* _Task requirements_
Keep every word of the listing and reproduce it exactly, but set aside any image found there.

* _Information supplied_
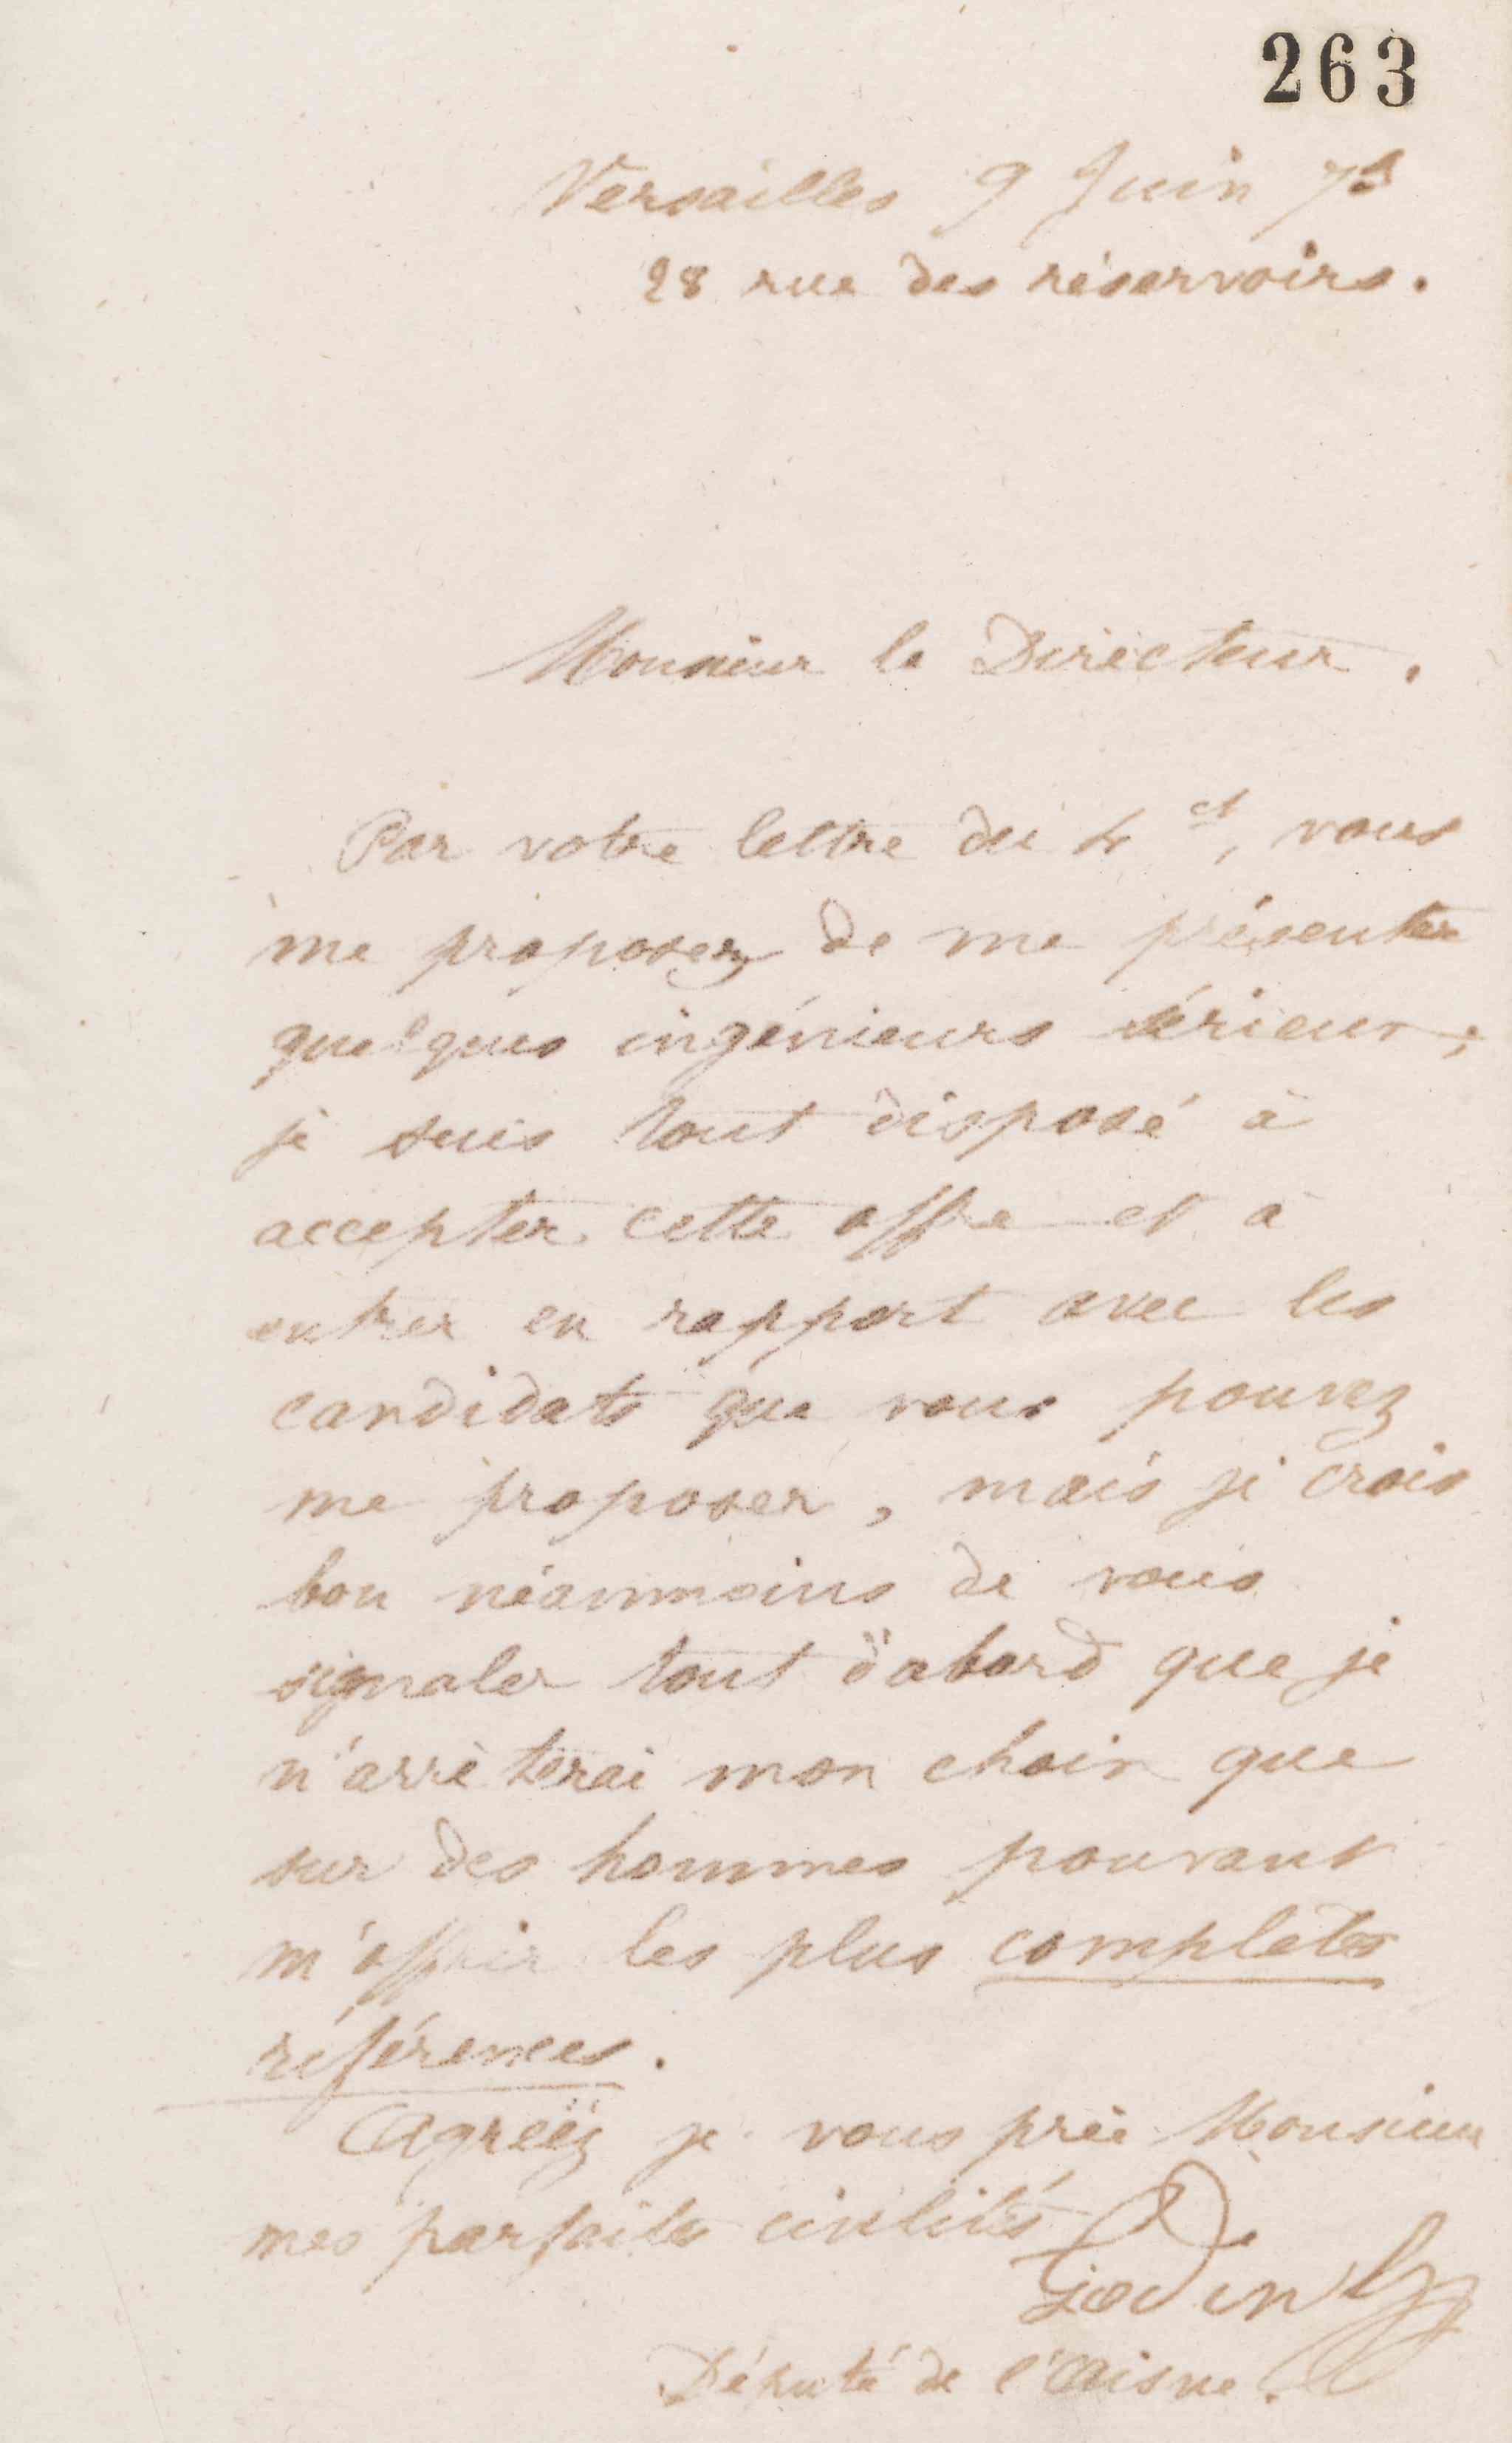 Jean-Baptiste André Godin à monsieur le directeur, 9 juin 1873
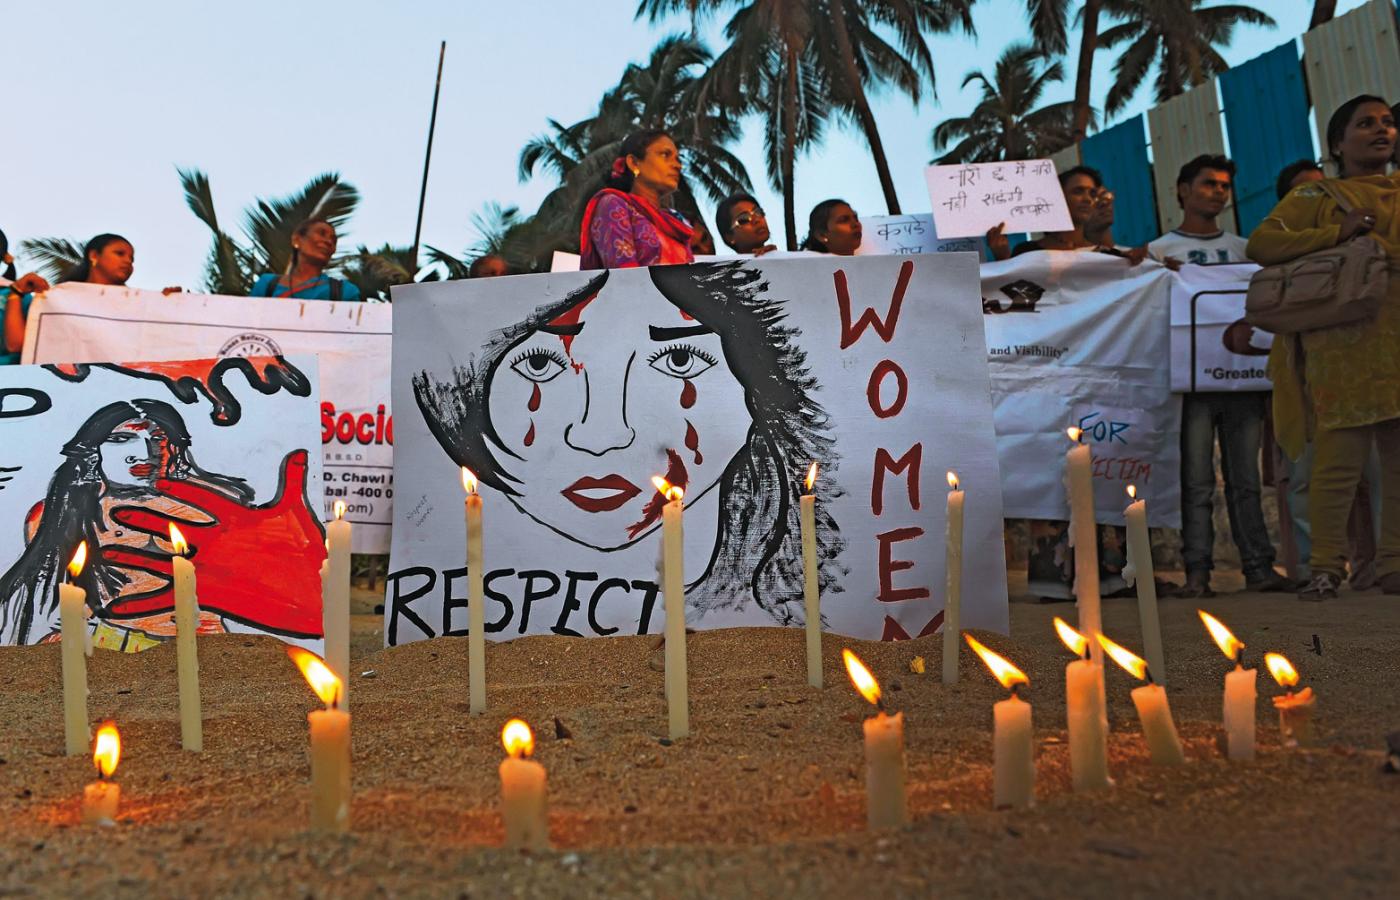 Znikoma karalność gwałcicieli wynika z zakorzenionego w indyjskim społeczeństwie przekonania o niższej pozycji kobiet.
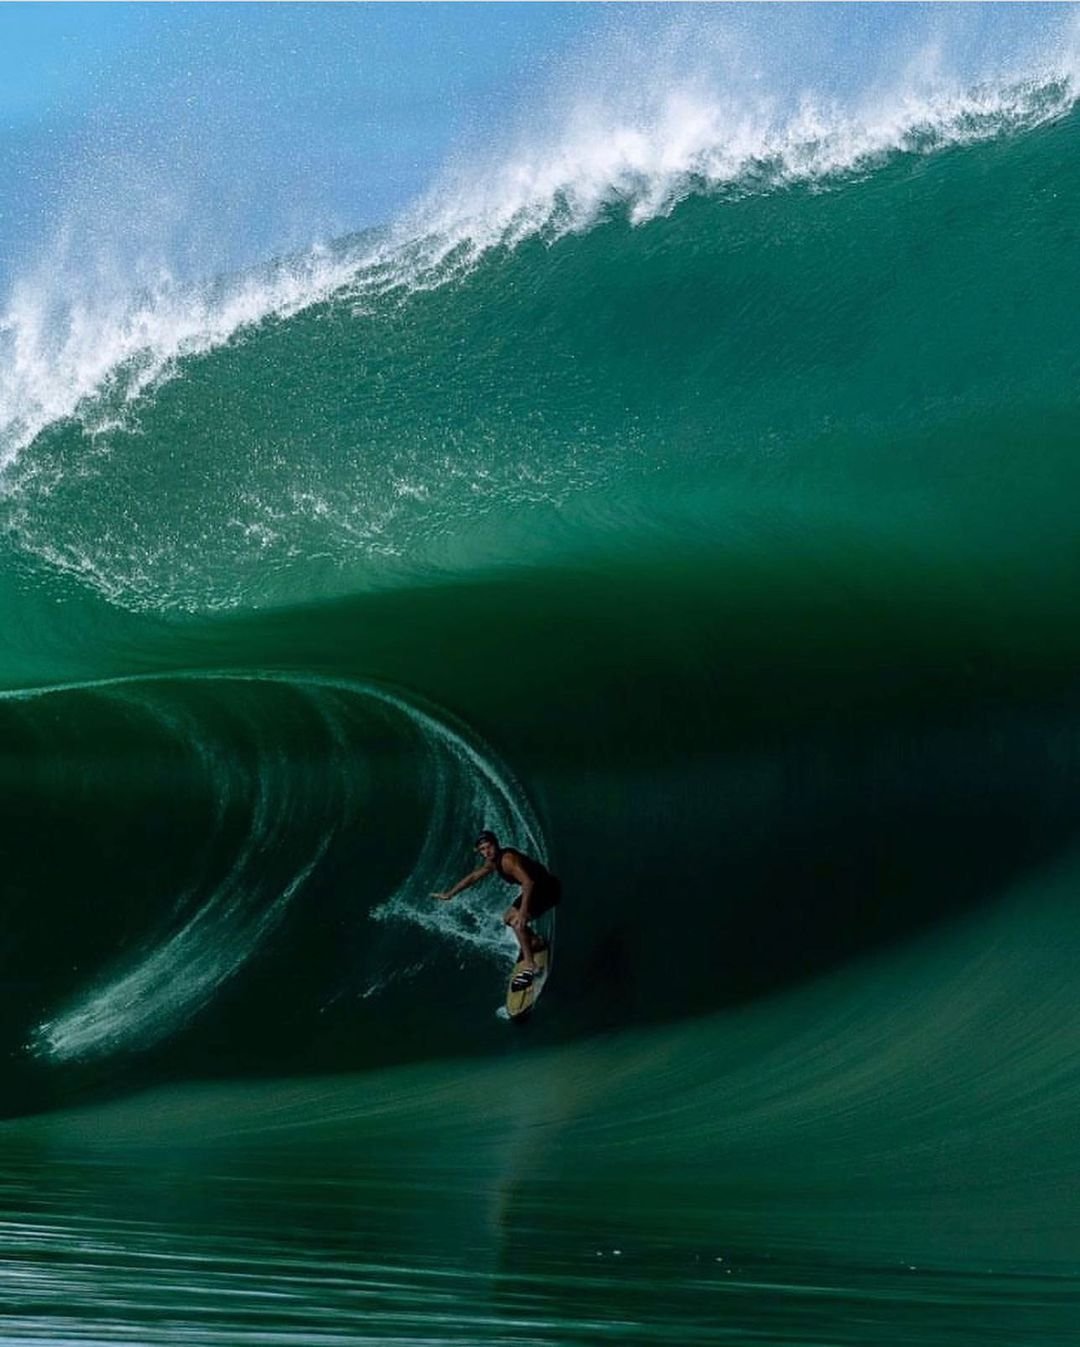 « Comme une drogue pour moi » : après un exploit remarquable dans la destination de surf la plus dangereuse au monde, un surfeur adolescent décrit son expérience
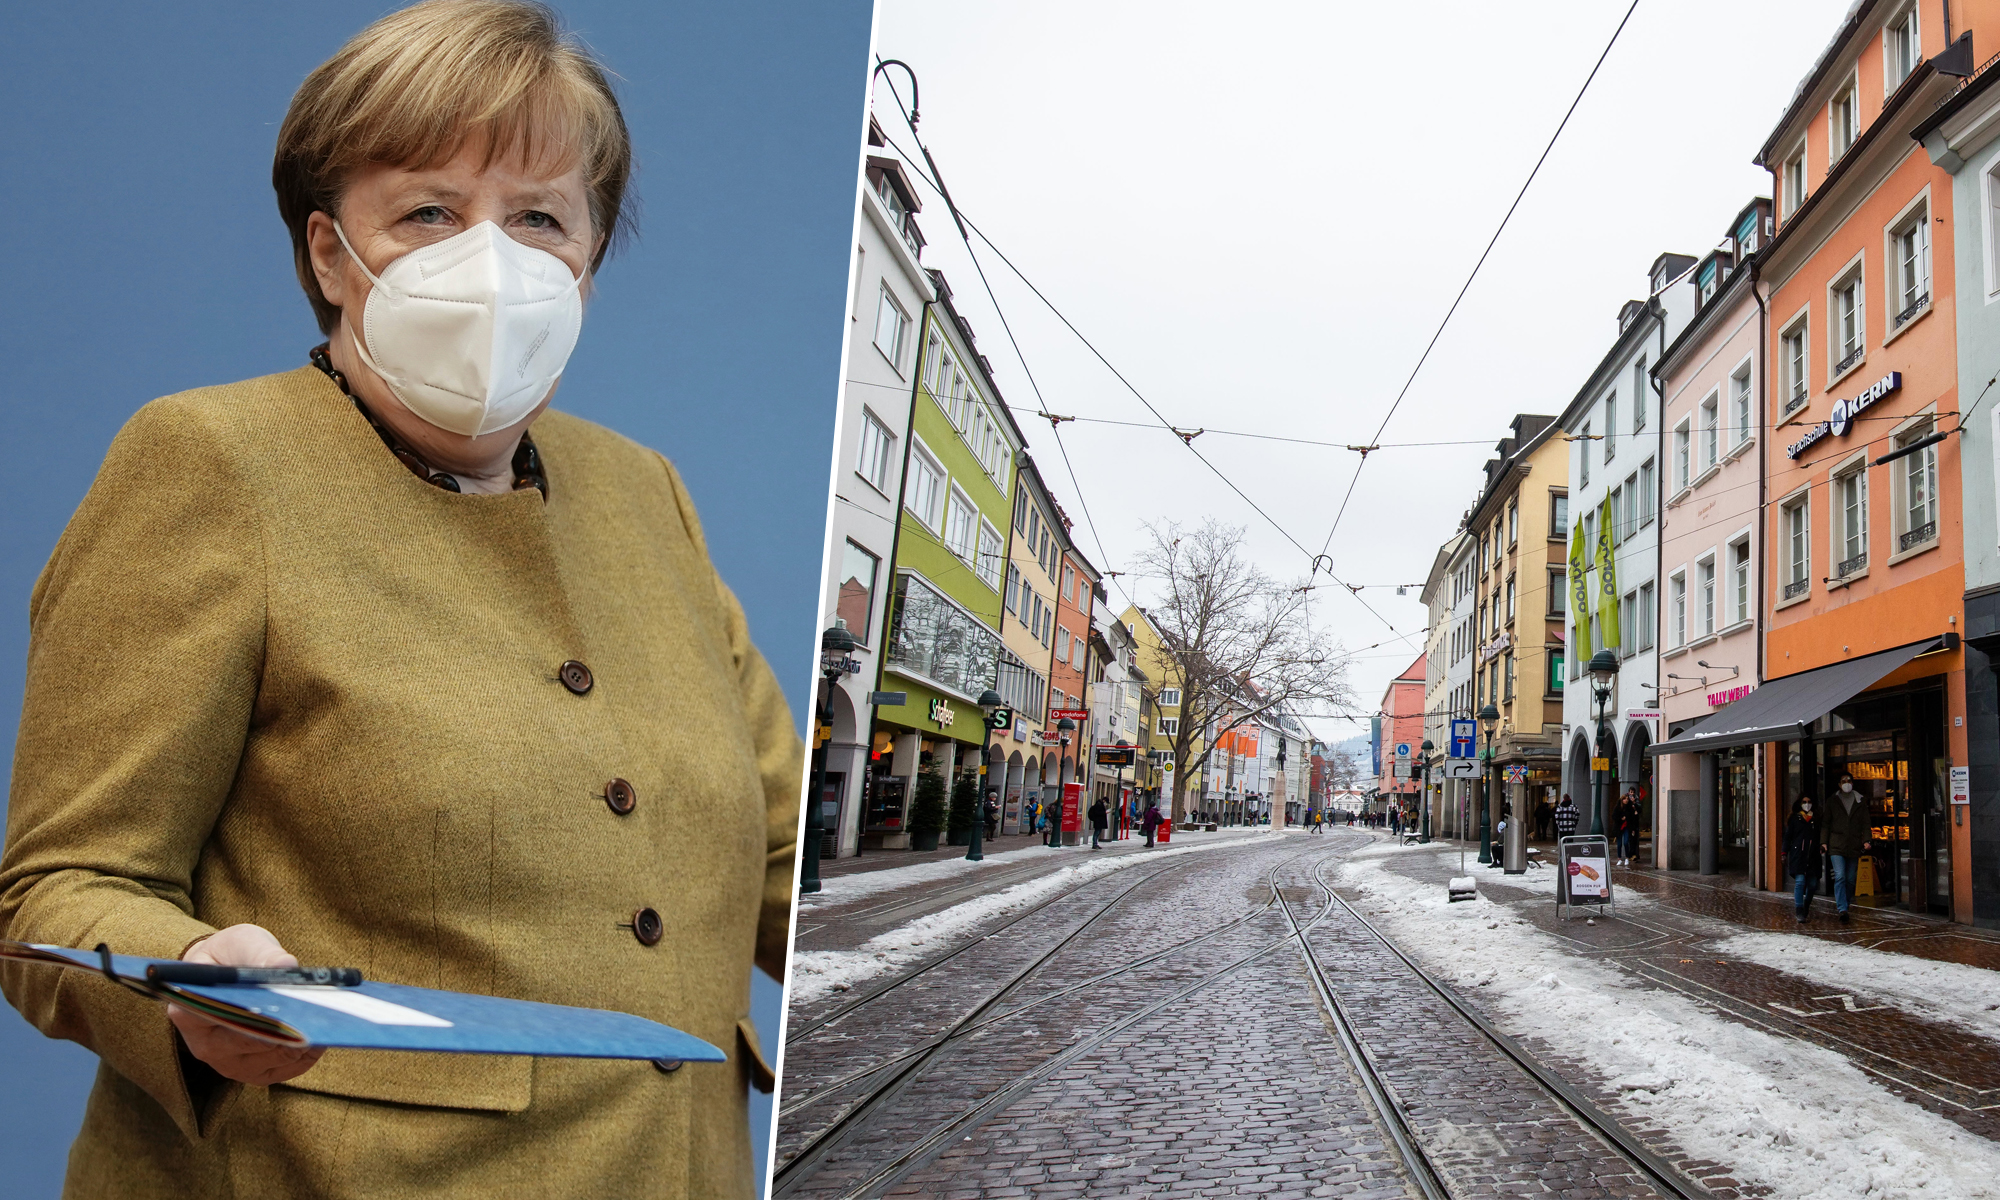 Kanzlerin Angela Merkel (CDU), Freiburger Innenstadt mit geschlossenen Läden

* _Solution to the problem_
 Jean-Baptiste André Godin à monsieur le directeur, 9 juin 1873
 Znikoma karalność gwałcicieli wynika z zakorzenionego w indyjskim społeczeństwie przekonania o niższej pozycji kobiet.
 « Comme une drogue pour moi » : après un exploit remarquable dans la destination de surf la plus dangereuse au monde, un surfeur adolescent décrit son expérience
 Kanzlerin Angela Merkel (CDU), Freiburger Innenstadt mit geschlossenen Läden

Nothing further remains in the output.